Мне сейчас очень грустно. Я думаю о том, как за эти годы неизбежно письма будут писаться реже и реже. Как твоя богатая впечатлениями жизнь будет прокладывать новое русло, уводящее тебя от меня. Так и лучше, так и надо для тебя. Я должен этого хотеть. А все же при этих мыслях больно. Кстати, когда я тебе описывал себя, мне казалось, что я пишу с юмором и эти строки вызовут у тебя улыбку. Перебрался я опять на то место в бараке, где провел 4½ месяца. Вместе со мной два десятника, с которыми я жил в особом бараке. Здесь тепло. Можно спать раздетым. Зима установилась, а с ней какое-то затишье на душе, хотя и тоскливое. Ну, дай мне свою руку, я ее крепко жму, а потом целую.

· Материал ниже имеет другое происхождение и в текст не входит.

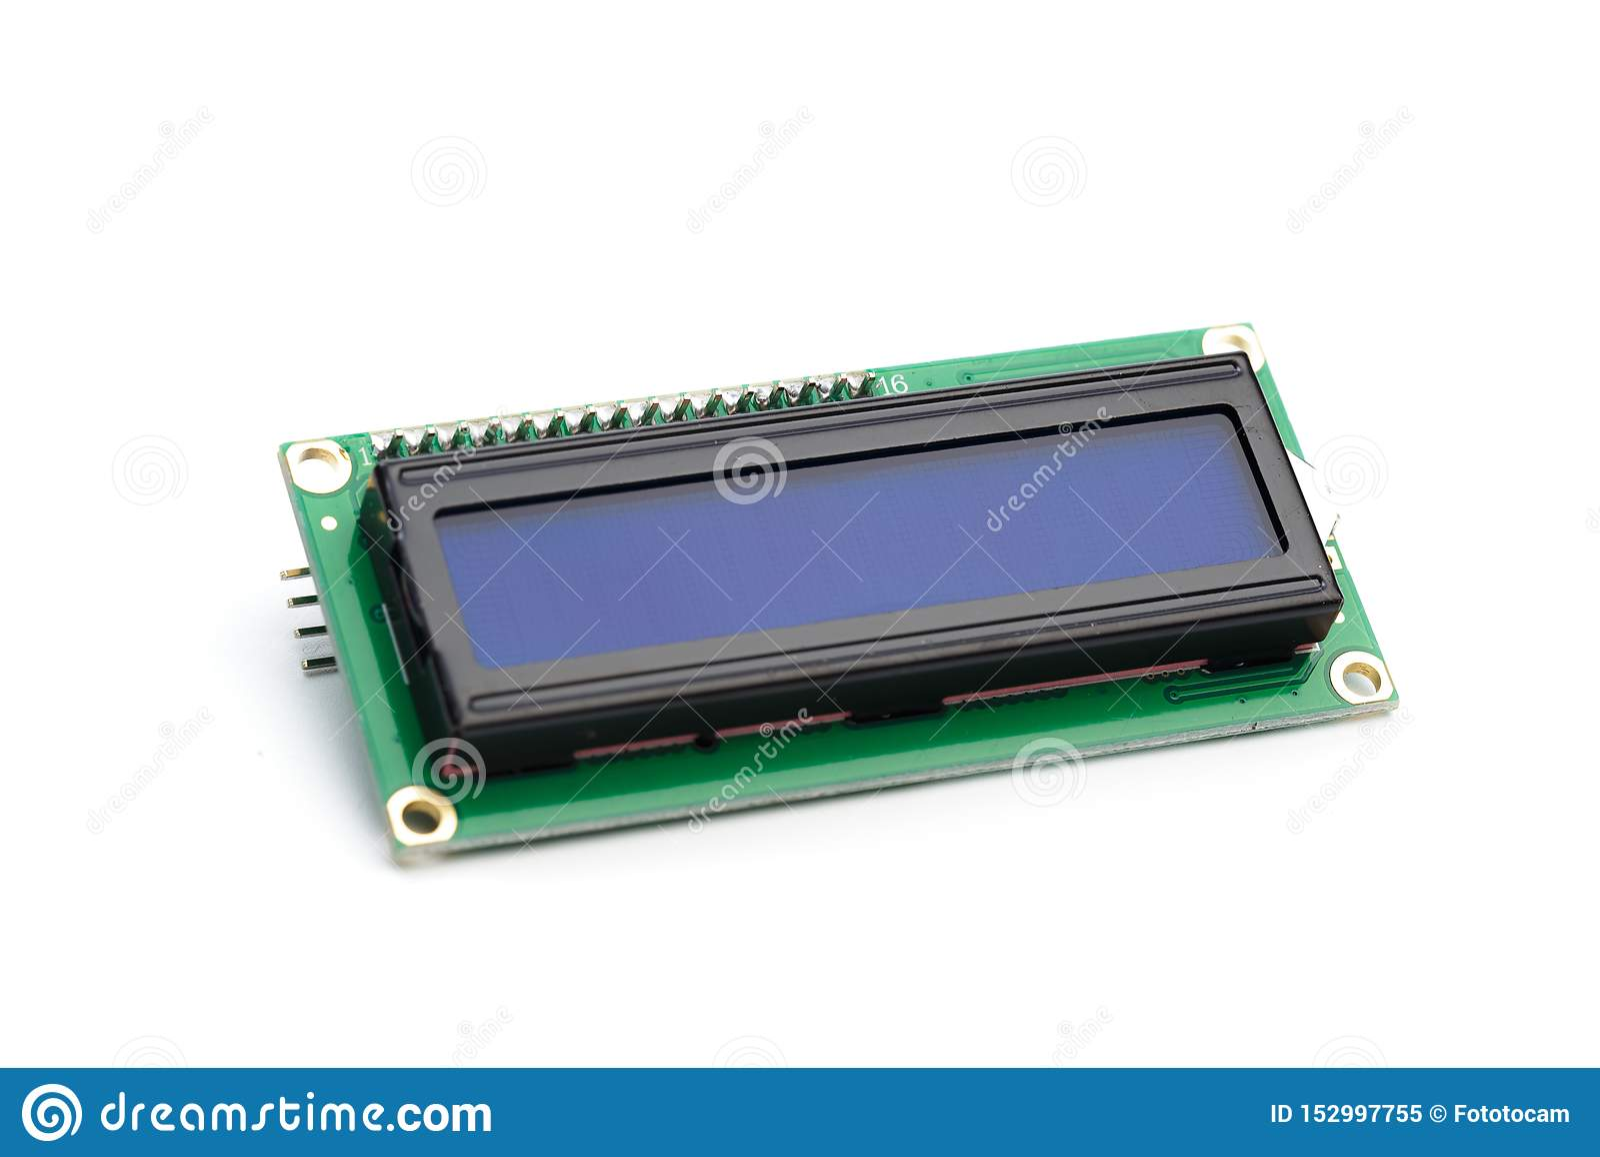 LCD indicator isolated on white background

Как обстоит с изданием «Философических писем» Чаадаева?
Сонюшка, родная моя, как ты могла подумать, что я недоволен, что ты не поддерживаешь во мне несбыточные надежды! Ведь я же все время пишу тебе, что обнадеживающий обман хуже любой «низкой истины». Я писал тебе раньше на тему «измучен жизнью, коварством надежды, когда им в жизни душой уступаю». Мне именно дорого то, что мы достаточно сильны и достаточно уважаем друг друга, а главное, достаточно близки — чтобы знать друг о друге то, что есть. Я не помню, в связи с чем я написал, что другие получают обнадеживающие письма. Это такое же недоразумение, как твоя мысль о том, что во мне есть упрек близким, которые не пишут мне. Я тебе уже писал, что допущение в душу такого упрека — было бы моральным падением. Из написанного здесь тебе ясно, что я получил твое письмо № 5 с описанием твоей встречи у Бак.[525]
с Мансуровой[526].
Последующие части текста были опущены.